The same vengeful mindset was applied in Gaza 70 years later. It is a deterrence strategy deliberately designed to harm civilians in order to distance them from their leaders and the groups fighting on their behalf. Today, the Israeli propaganda machine is busy collecting desperate and angry cries from Gazans, real and artificial, blaming Hamas for bringing Israel’s wrath upon them.
Israel never accepts the principle of “an eye for an eye” in its confrontations with the Palestinians. It insists on a ratio of 1 to 10 or 20 when it comes to civilian casualties compared to Palestinian civilian casualties. Therefore, the Palestinian civilian must pay a heavy price in every single clash, regardless of moral or legal considerations.

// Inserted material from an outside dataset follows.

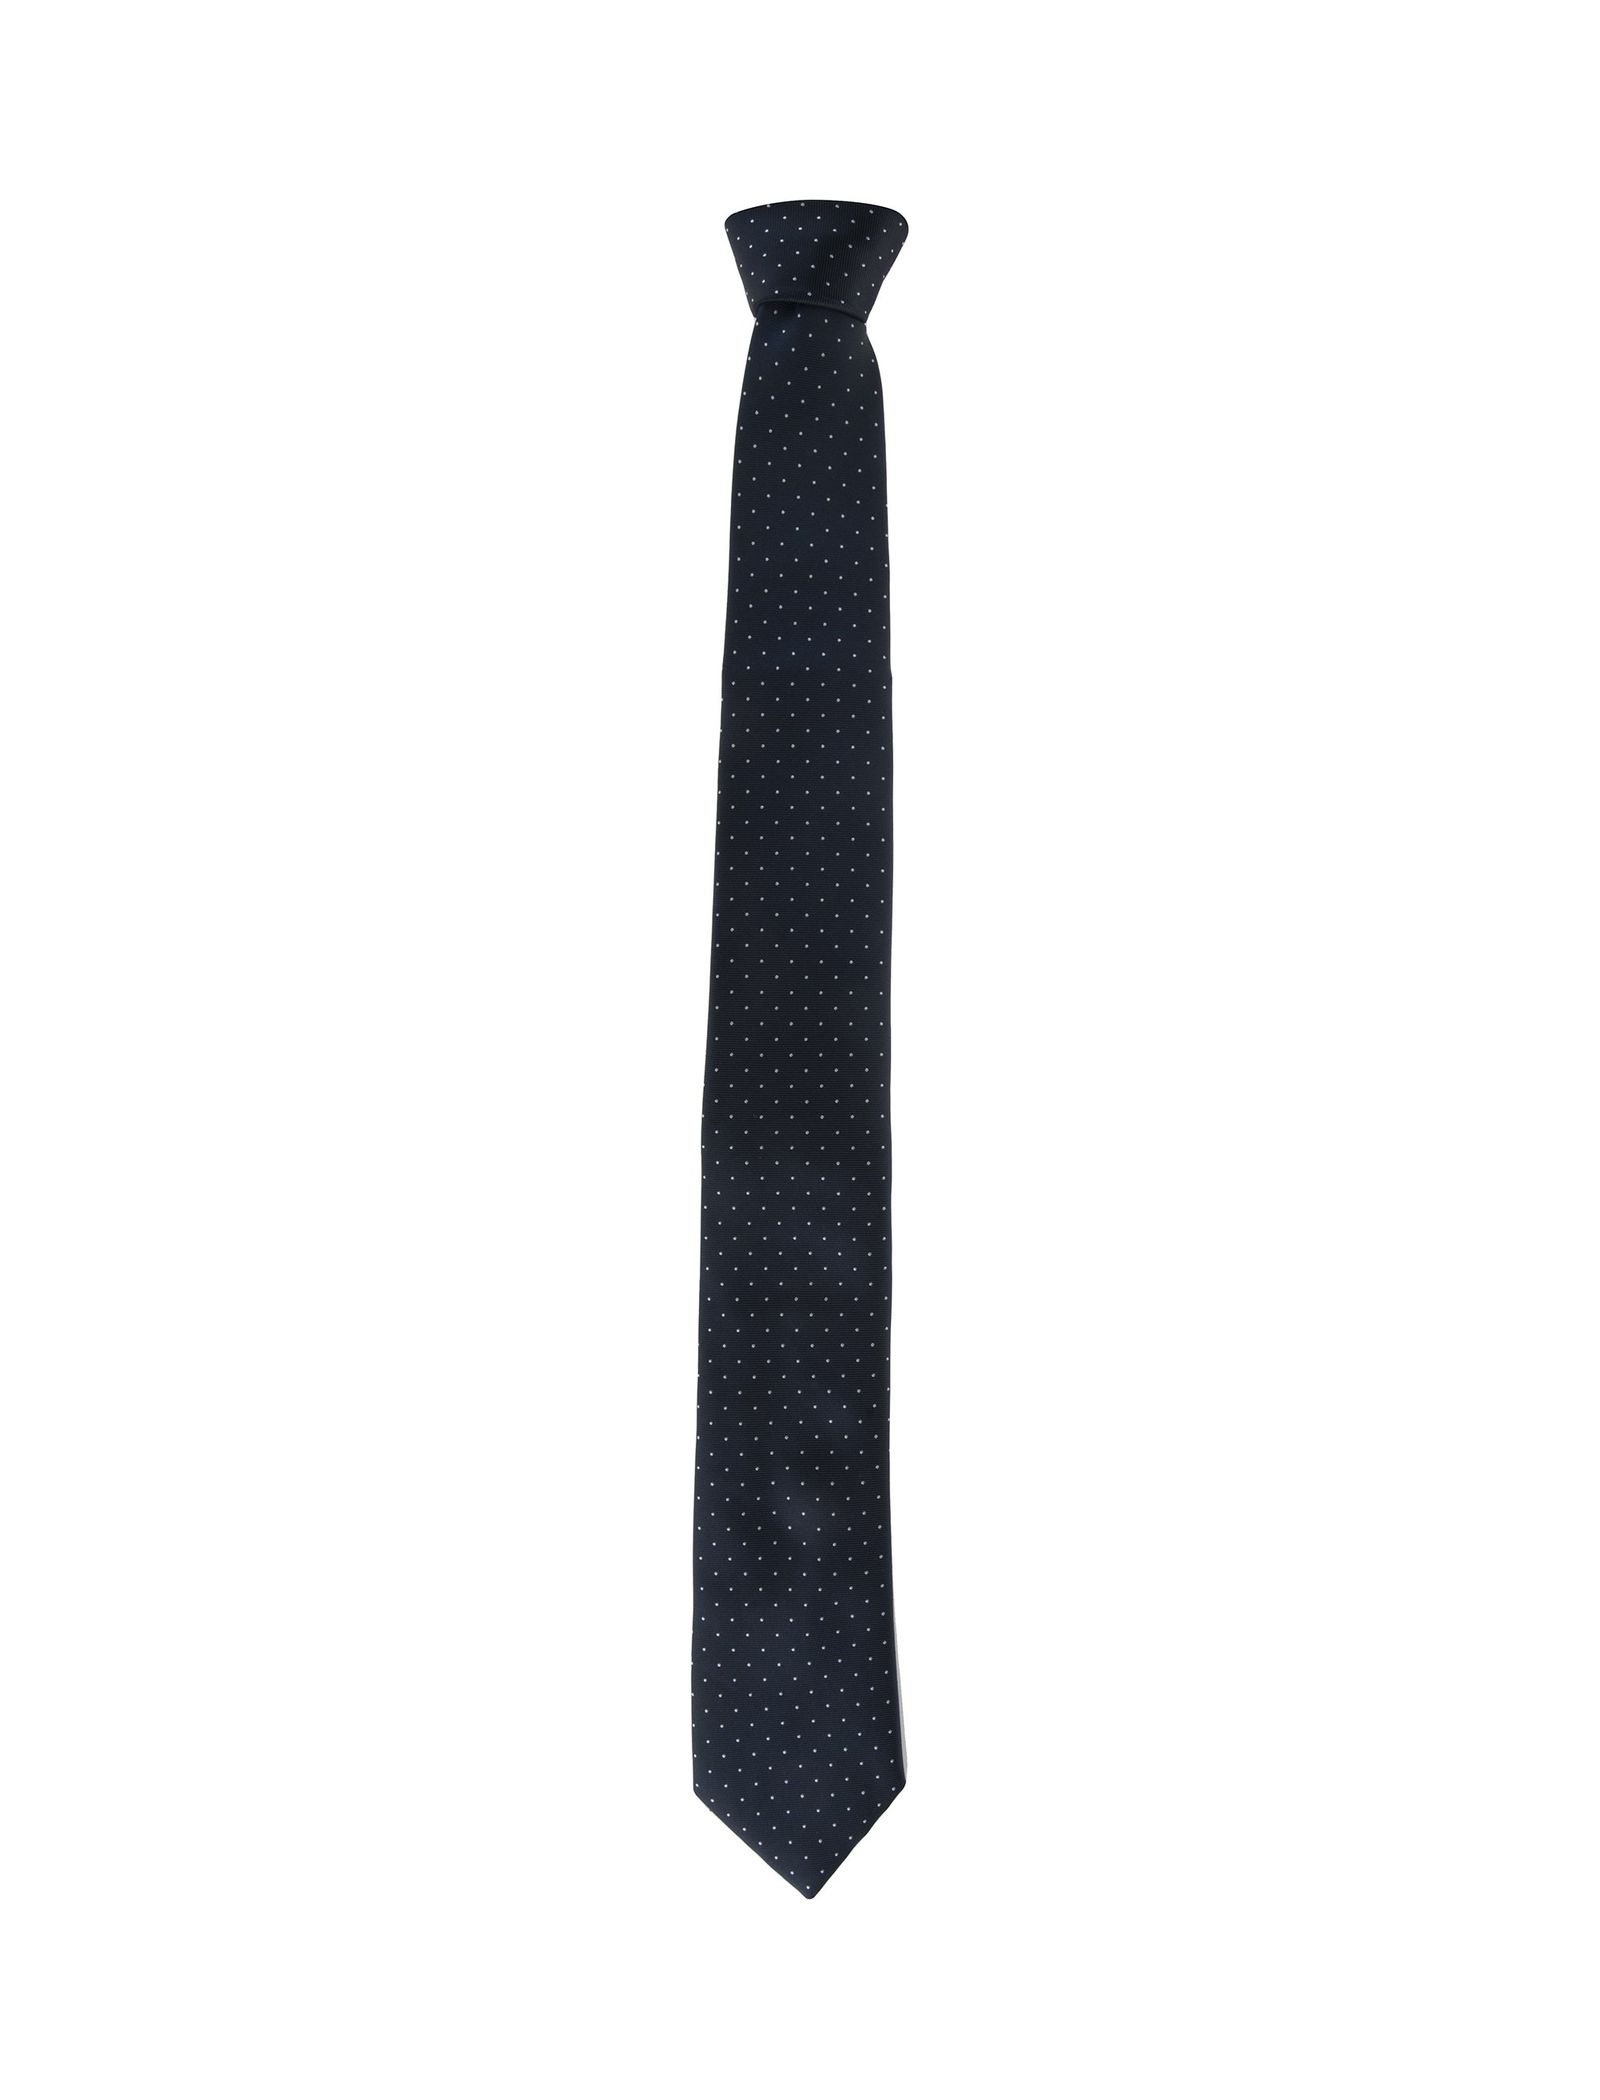 کراوات طرح دار مردانه - یوپیم تک سایز - سرمه اي - 2

Nowhere is the asymmetry more pervasive than in Israel’s 56-year military occupation of the West Bank and Gaza, which is by its nature an ongoing system of violence against civilians. Generations of Palestinians have endured a racist, cruel and illegal military occupation that included daily humiliation, collective punishment, land confiscations and the destruction of lives and livelihoods. For Gaza, this meant a 17-year siege of the Strip through a horrific and inhumane military blockade, military incursions, bombings of civilian infrastructure and more.
Although Israel claims it has “no choice,” its occupation is actually driven by strategy, not necessity. For the past six decades, Israel has controlled the Palestinian territories, partly to colonize them through hundreds of illegal settlements on stolen Palestinian land, and partly to hold the population hostage until their leaders accept their political dictates, which is by definition a form of government terrorism , i.e. the use of violence against civilians for political purposes.
Another important factor behind Israel’s violence against Palestinian civilians, as I have explained here, is hatred – hatred driven by fear, envy and anger.
Israel fears everything that concerns Palestinian steadfastness, Palestinian unity, Palestinian resistance, Palestinian poetry and all Palestinian national symbols. Such fear breeds hatred because a state that is always afraid cannot be free. Israel is angry at the Palestinians because they refuse to give up or give in because they won’t go away – far away. They refuse to give up their basic rights, let alone admit defeat. Israel is also jealous of the internal strength and external pride of the Palestinians. It is jealous of their strong faith and sacrifice.
In short, Israel hates the Palestinian people for hindering the realization of the Zionist utopia over all of historic Palestine. And as I wrote last year, it especially hates the people of Gaza, who have turned the dream into a nightmare.
But the answer in Gaza and the rest of Palestine cannot be more killing and more occupation. In fact, Israel’s ongoing industrial massacre and nationwide repression of Palestinians in retaliation for Hamas’s horrific October 7 attacks in southern Israel is both utterly criminal and terribly stupid. Israel has tried to live by the sword for the past 75 years, but it has sowed more of the same insecurity, shame and anger. Repeating the same strategy over and over again and expecting different results is indeed stupid. If it continues to deny the Palestinians a life and a future, Israel will ultimately have no life and a livable future in this Arab region.